# SUPPLIED DATA:
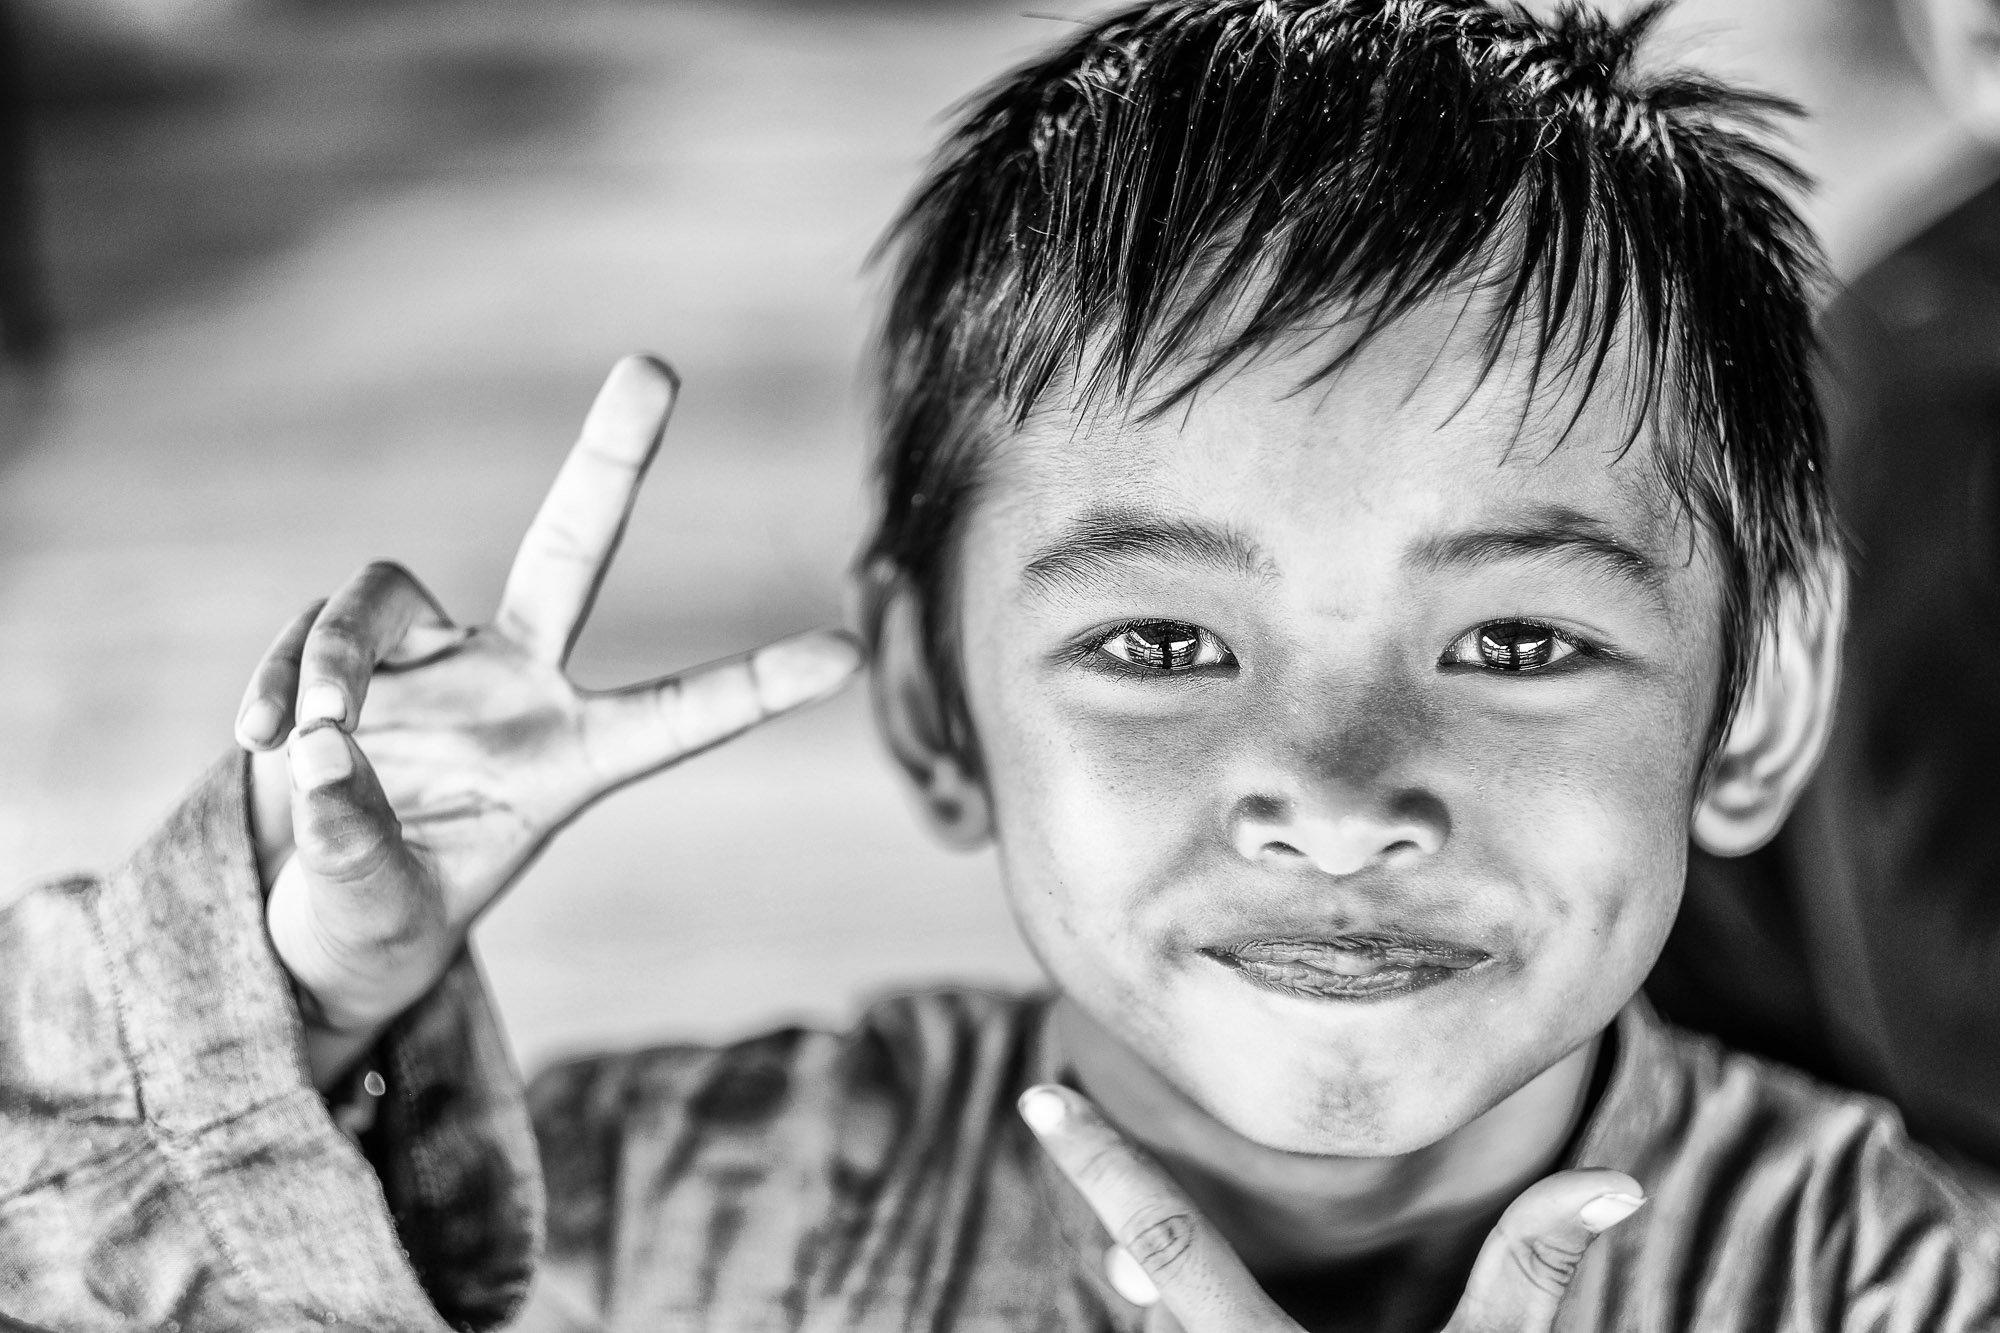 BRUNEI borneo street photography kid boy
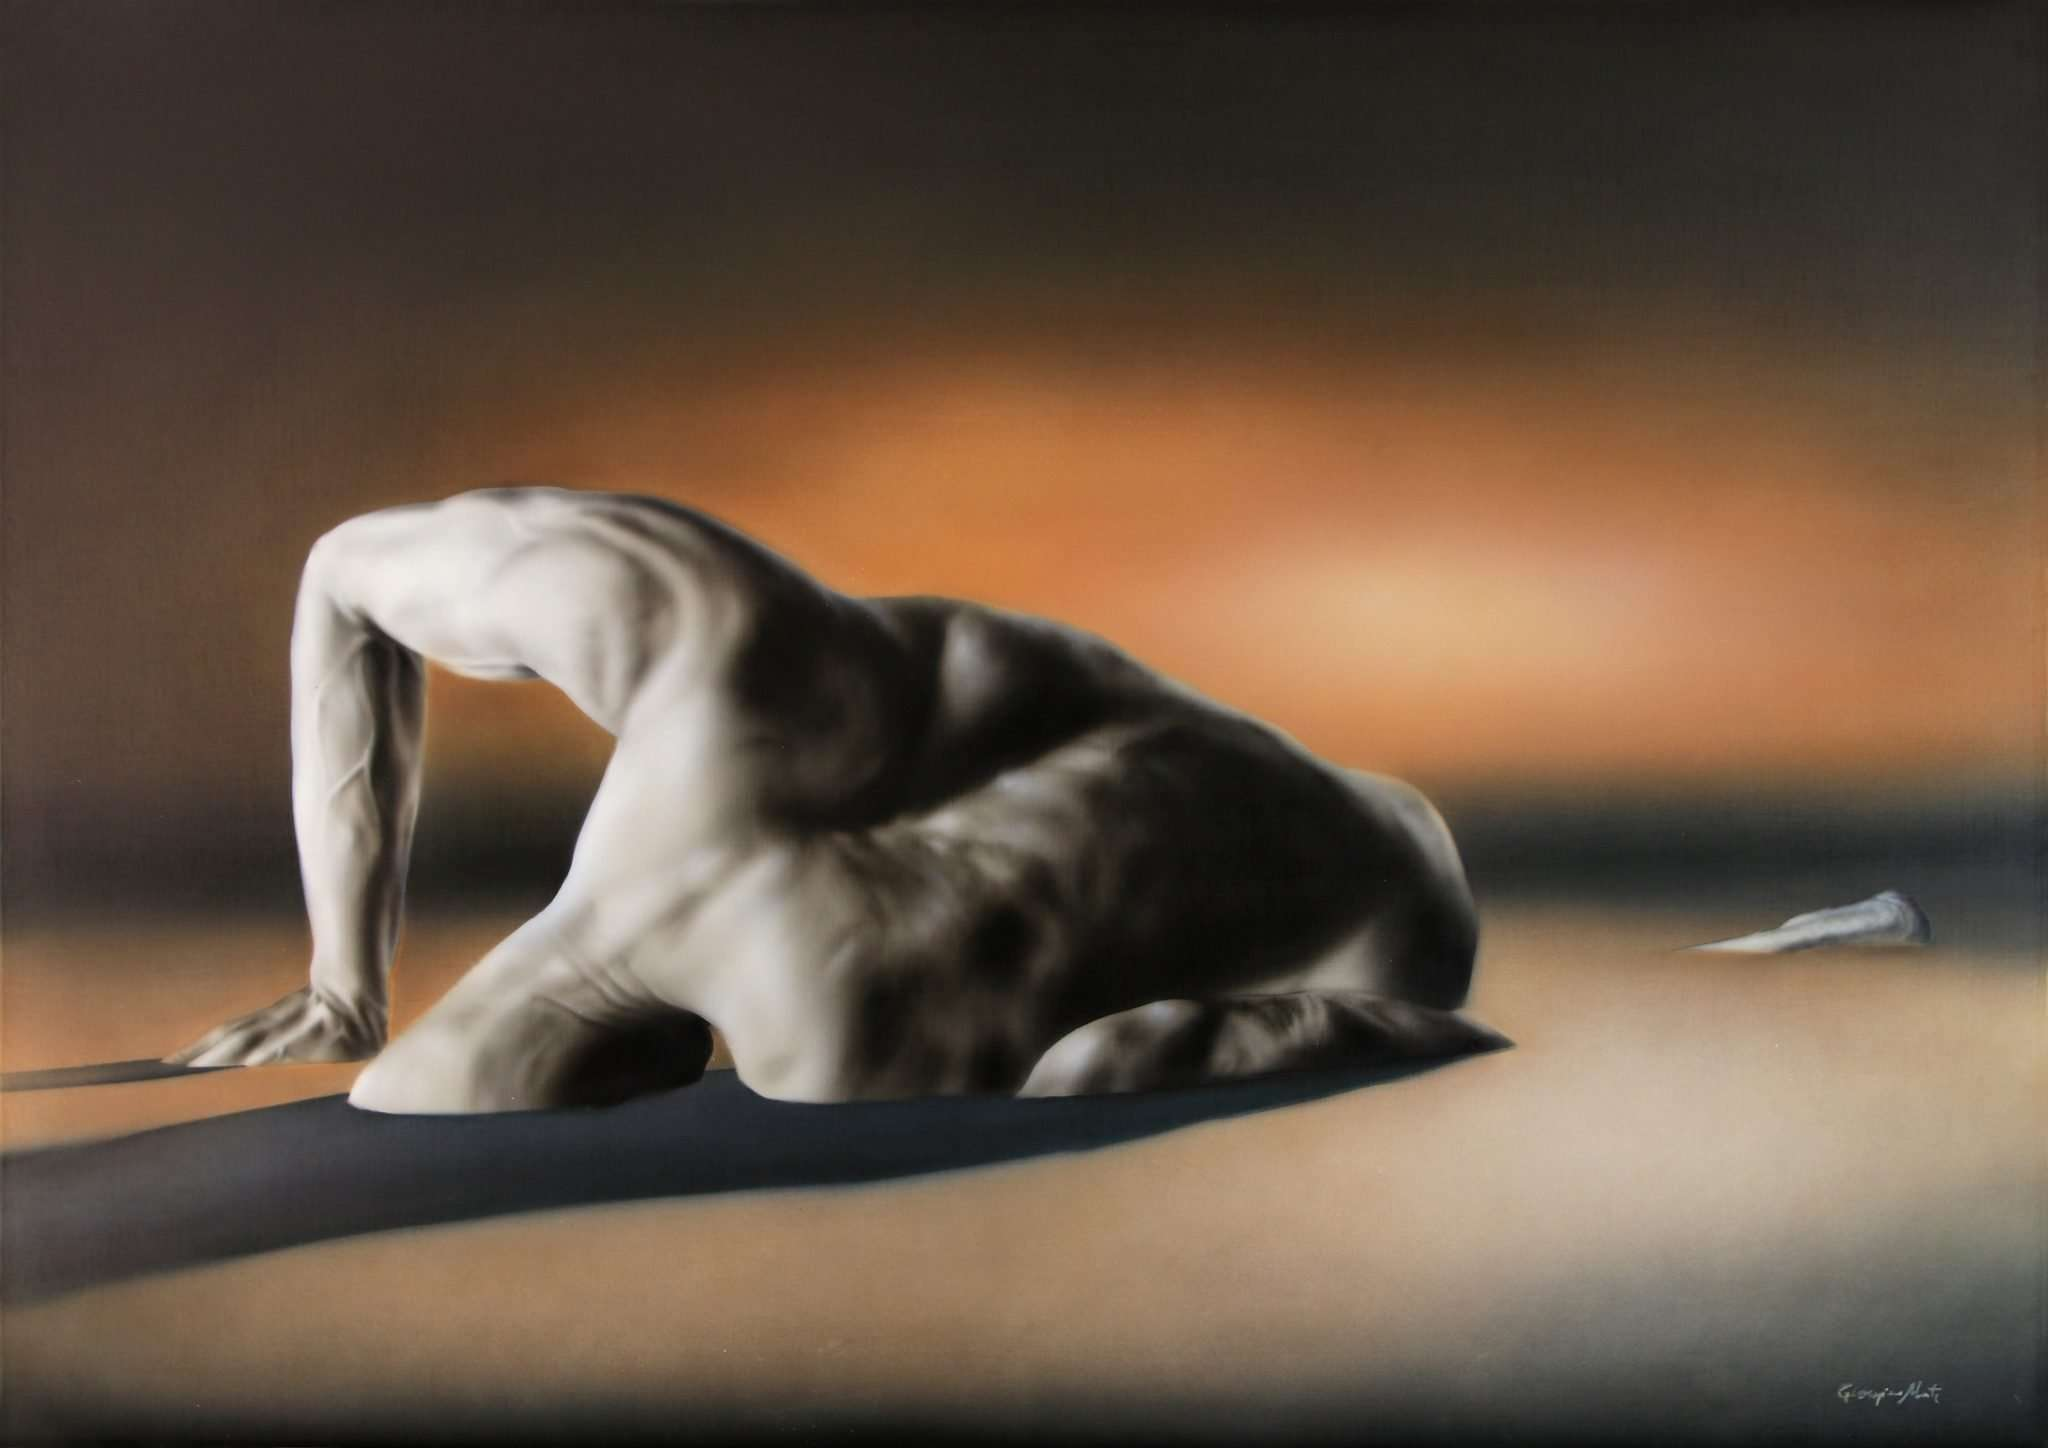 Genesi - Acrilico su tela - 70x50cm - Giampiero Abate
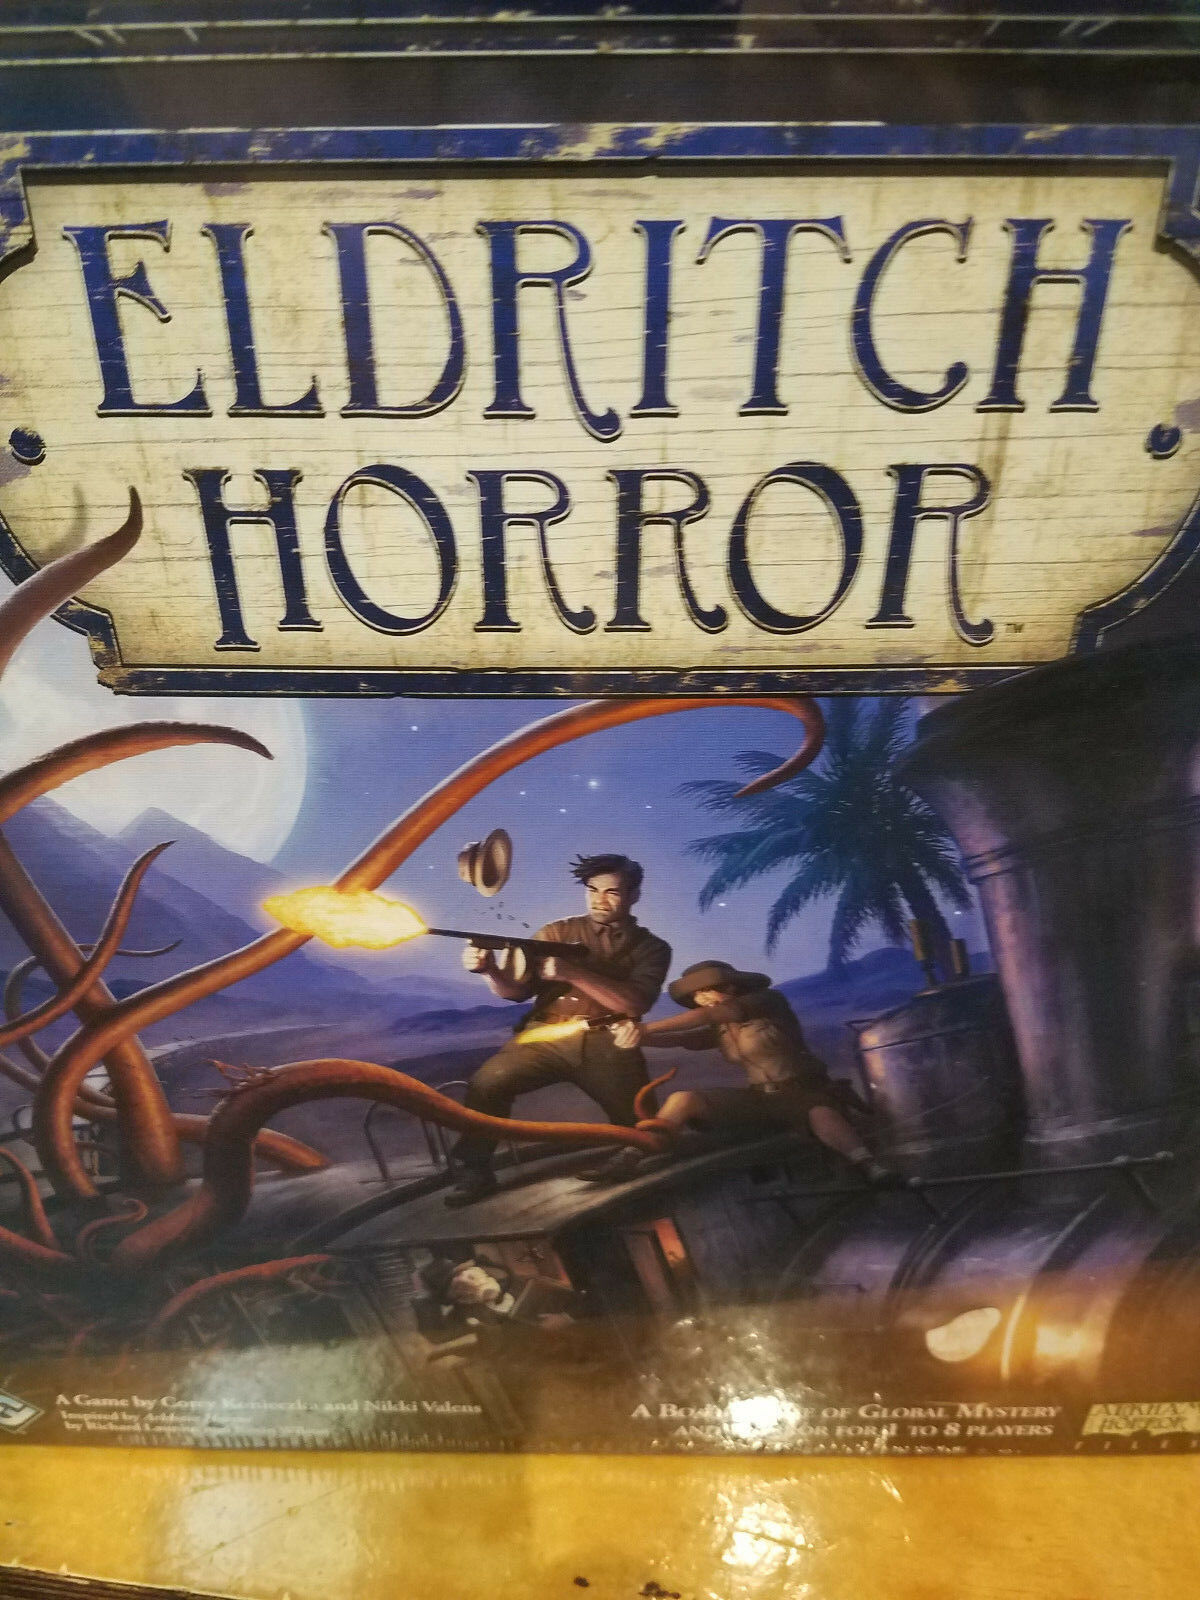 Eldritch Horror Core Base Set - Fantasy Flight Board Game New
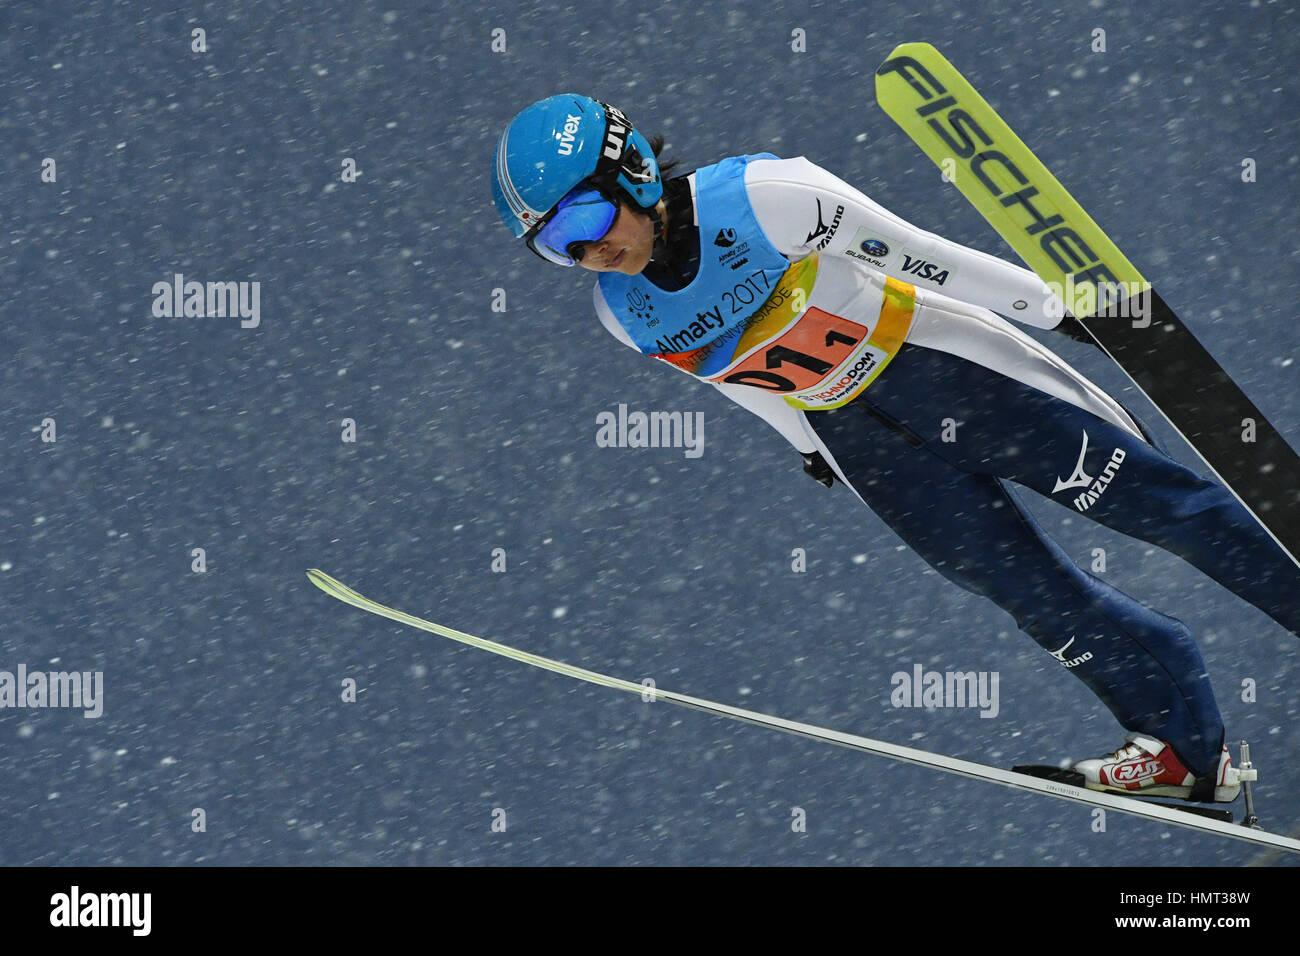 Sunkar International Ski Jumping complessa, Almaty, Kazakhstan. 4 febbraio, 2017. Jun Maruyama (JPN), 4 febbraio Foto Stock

# ABOUT THIS EXERCISE:
Begin at the line that contains "Genesi - Acrilico" and transcribe every line through the end of the listing, exactly as written. Omit the pictures.

# TASK OUTPUT:
 Genesi - Acrilico su tela - 70x50cm - Giampiero Abate
 Eldritch Horror Core Base Set - Fantasy Flight Board Game New
 Sunkar International Ski Jumping complessa, Almaty, Kazakhstan. 4 febbraio, 2017. Jun Maruyama (JPN), 4 febbraio Foto Stock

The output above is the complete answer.